ASSIGNMENT
Go to the line in the entries below that holds "A complete backup of x-arcade.com" and repeat exactly from there through the line that holds "Framed Size: H:55 cm x W:45 cm x D:3.5cm", inclusive.

[Data extracted from a collection]

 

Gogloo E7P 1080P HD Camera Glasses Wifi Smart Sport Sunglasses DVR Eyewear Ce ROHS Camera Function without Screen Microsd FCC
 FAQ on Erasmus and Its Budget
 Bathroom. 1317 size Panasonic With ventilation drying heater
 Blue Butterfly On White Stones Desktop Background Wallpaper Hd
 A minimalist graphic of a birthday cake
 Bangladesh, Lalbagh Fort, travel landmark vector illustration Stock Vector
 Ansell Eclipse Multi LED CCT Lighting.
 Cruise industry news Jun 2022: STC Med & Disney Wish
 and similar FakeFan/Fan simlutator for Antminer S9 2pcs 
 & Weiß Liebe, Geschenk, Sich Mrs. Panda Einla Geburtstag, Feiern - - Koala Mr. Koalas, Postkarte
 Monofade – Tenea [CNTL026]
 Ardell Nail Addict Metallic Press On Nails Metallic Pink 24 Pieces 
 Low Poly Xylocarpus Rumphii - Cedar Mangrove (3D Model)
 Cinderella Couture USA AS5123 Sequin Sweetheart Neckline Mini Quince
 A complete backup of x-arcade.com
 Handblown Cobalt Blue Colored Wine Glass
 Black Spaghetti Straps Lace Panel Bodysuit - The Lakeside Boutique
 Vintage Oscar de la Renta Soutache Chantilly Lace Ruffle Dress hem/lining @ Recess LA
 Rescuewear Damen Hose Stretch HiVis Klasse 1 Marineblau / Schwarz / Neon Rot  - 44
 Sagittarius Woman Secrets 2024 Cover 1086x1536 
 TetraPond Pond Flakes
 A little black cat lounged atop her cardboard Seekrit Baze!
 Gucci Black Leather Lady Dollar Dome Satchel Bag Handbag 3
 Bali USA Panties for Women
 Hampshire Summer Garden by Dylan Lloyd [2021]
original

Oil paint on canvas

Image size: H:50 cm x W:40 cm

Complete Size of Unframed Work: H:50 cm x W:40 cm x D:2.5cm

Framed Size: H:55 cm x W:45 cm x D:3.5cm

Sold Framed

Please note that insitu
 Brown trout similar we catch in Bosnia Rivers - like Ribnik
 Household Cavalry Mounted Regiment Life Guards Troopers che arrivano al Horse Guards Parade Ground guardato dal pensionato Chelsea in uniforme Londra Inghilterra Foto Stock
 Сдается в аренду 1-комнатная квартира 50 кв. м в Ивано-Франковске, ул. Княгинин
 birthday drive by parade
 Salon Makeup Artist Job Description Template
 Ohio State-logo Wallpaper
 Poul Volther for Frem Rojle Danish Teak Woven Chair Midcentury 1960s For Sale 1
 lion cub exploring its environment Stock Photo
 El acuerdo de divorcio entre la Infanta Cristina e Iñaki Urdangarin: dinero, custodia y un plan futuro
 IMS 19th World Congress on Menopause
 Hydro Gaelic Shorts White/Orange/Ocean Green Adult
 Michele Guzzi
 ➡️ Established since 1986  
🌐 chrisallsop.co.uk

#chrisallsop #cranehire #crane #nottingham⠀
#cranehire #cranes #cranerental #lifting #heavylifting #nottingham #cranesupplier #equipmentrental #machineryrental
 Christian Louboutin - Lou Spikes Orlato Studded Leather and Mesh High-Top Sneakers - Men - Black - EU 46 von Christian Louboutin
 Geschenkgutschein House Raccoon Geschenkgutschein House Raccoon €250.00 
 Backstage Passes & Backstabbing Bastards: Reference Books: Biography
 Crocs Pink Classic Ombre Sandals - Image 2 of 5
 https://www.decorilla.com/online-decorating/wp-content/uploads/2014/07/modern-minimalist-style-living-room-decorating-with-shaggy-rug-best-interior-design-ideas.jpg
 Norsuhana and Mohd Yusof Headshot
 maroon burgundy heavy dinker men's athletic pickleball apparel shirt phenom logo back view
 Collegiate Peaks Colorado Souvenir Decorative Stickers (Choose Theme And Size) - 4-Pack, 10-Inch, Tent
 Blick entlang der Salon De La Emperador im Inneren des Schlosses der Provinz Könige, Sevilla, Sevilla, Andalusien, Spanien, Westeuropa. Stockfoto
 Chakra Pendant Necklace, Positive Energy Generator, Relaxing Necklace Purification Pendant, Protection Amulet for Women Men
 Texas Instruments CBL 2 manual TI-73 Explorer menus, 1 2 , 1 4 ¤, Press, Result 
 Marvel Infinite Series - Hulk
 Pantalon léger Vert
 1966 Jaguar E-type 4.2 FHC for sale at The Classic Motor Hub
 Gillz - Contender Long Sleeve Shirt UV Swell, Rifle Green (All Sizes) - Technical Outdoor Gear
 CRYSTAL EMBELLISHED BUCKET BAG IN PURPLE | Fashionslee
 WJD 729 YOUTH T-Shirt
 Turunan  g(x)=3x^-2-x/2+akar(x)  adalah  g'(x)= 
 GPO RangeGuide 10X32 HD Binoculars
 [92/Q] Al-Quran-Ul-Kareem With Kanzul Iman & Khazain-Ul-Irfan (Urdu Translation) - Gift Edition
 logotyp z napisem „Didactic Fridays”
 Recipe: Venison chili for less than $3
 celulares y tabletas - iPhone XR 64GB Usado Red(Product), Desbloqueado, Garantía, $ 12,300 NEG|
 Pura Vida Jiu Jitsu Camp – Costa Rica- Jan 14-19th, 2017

EXERCISE RESULT
 A complete backup of x-arcade.com
 Handblown Cobalt Blue Colored Wine Glass
 Black Spaghetti Straps Lace Panel Bodysuit - The Lakeside Boutique
 Vintage Oscar de la Renta Soutache Chantilly Lace Ruffle Dress hem/lining @ Recess LA
 Rescuewear Damen Hose Stretch HiVis Klasse 1 Marineblau / Schwarz / Neon Rot  - 44
 Sagittarius Woman Secrets 2024 Cover 1086x1536 
 TetraPond Pond Flakes
 A little black cat lounged atop her cardboard Seekrit Baze!
 Gucci Black Leather Lady Dollar Dome Satchel Bag Handbag 3
 Bali USA Panties for Women
 Hampshire Summer Garden by Dylan Lloyd [2021]
original

Oil paint on canvas

Image size: H:50 cm x W:40 cm

Complete Size of Unframed Work: H:50 cm x W:40 cm x D:2.5cm

Framed Size: H:55 cm x W:45 cm x D:3.5cm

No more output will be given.